INAD is a devastating and fatal autosomal recessive paediatric neurodegenerative disease caused by mutations in the PLA2G6 gene that affects the catalytic activity of its protein product, a calcium-independent phospholipase A2 protein located in mitochondria and axons. When PLA2G6 is defective, mitochondrial inner membrane integrity is damaged, and phospholipid accumulation in axons causes neuronal damage. Given greater disease awareness and advances in next generation sequencing technologies, INAD is increasingly diagnosed at a younger age, with the majority of affected children now diagnosed by 2 years of age. Symptoms usually begin between 6 months and 3 years of age and include a rapid decline in previously acquired skills such as walking and talking, with the subsequent evolution of seizure, axonal neuropathy and generalised spasticity leading to loss of neurodevelopmental skills and complete dependence for all daily living activities. From presentation, there is gradual loss of motor and cognitive skills, most losing ambulation by 5 years of age with the average age of death around 10 years of age. There are currently no disease-modifying treatments for INAD and affected patients derive limited clinical benefit from available medical therapies used for symptom control. The incidence of INAD is poorly documented and around 300 patients suffering from INAD have been identified currently worldwide.

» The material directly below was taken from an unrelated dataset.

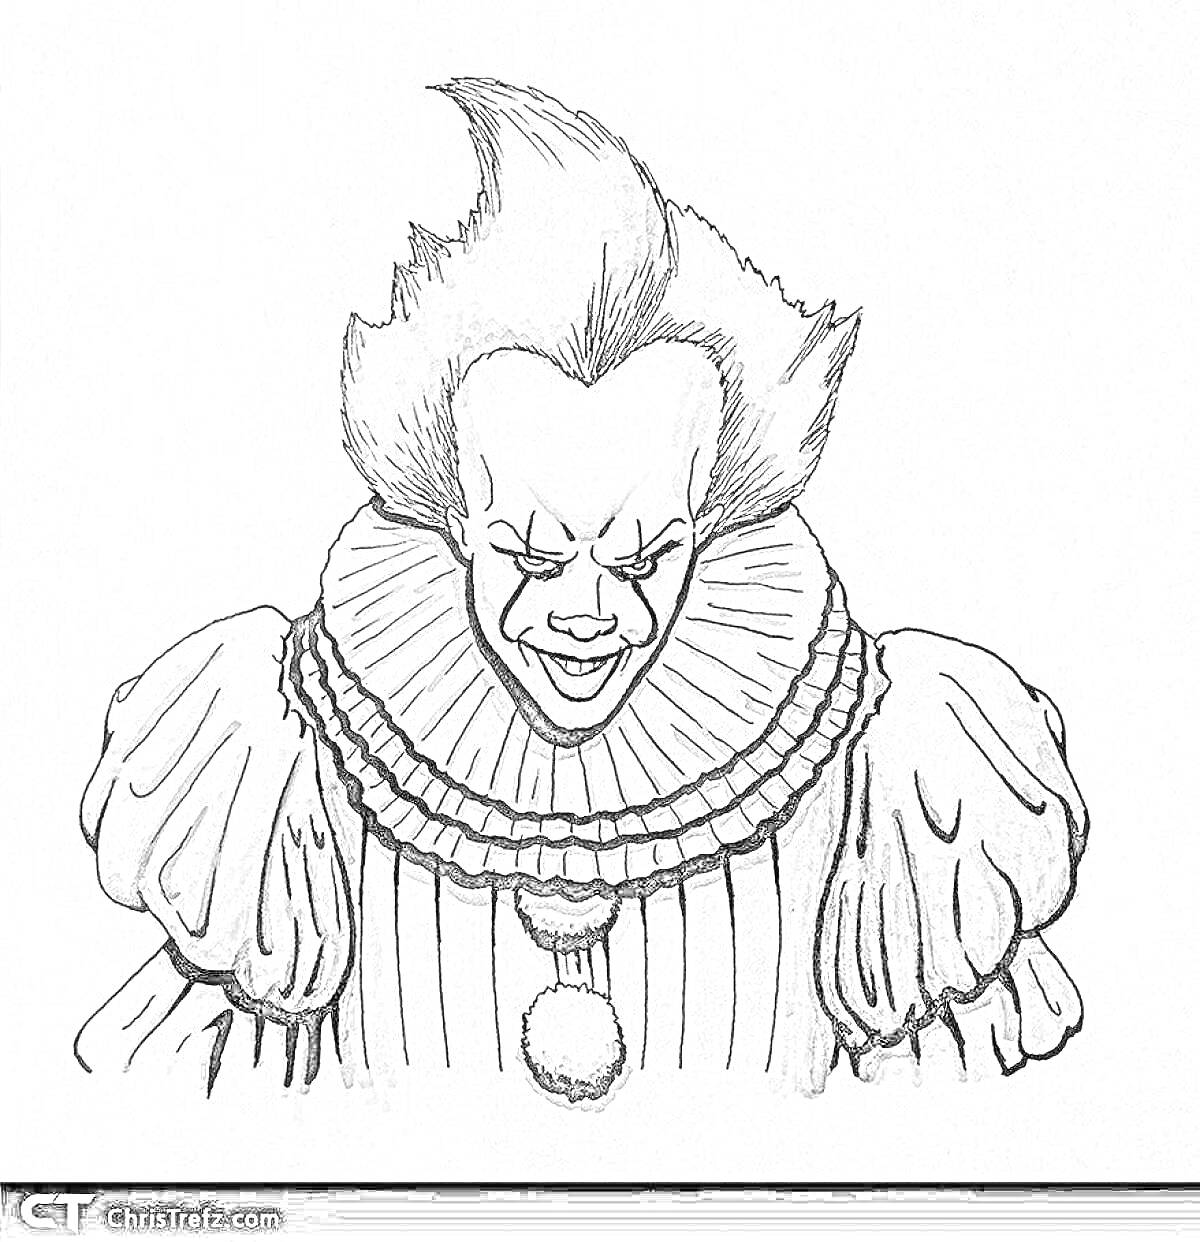 Раскраска Пеннивайз с клоунским костюмом и характерным выражением лица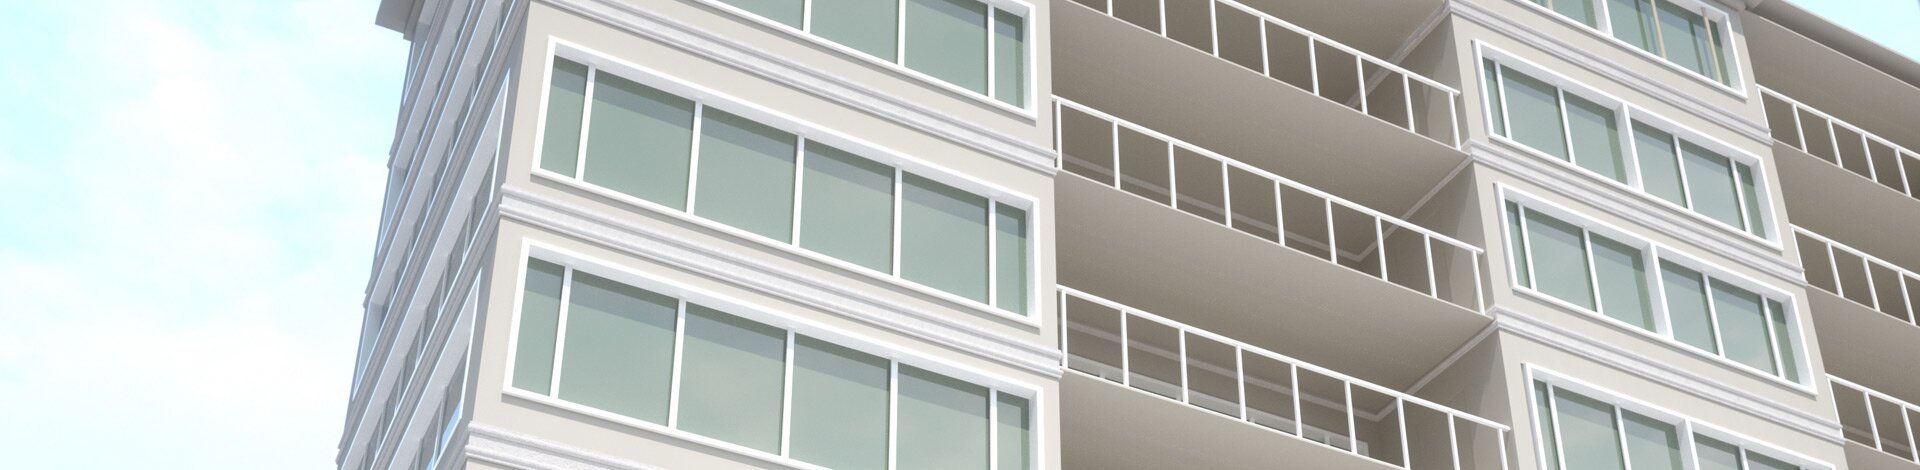 Moldura em EPS é solução contemporânea para fachadas e interiores

About Niemann-Pick Disease Type-C (NPC)

NPC is a rare, inherited and fatal neurodegenerative disease. 95% of NPC cases are caused by mutations in the Npc1 gene that encodes for NPC1, a large glycoprotein which is embedded in the lysosomal membrane. Even though the exact function of NPC1 is unknown, when it is mutated or absent, both cholesterol and sphingolipids accumulate in the brain, liver, lungs, bone marrow, and spleen. Sphingolipids are known to play important roles in signal transduction and nerve-fibre insulation, and their abnormal storage leads to irreversible neurological damage. There are several disease subtypes which are categorised by the age of onset of neurological disease. The patients develop progressive disabilities such as impairment in swallowing and speech, epilepsy, cerebellar ataxia (an inability to coordinate balance, gait, extremity and eye movements), and progressive dementia. The speed of progression of symptoms depends on the age of onset, which ranges from just after birth through to late adulthood and after disease onset. There are no approved treatments for NPC in the US. Miglustat is approved in the EU, but its use only slows disease progression. There are no curative treatments currently approved for NPC and there is a significant need to improve the standard of care. The incidence of NPC is estimated to be ~1:100,000 live births worldwide.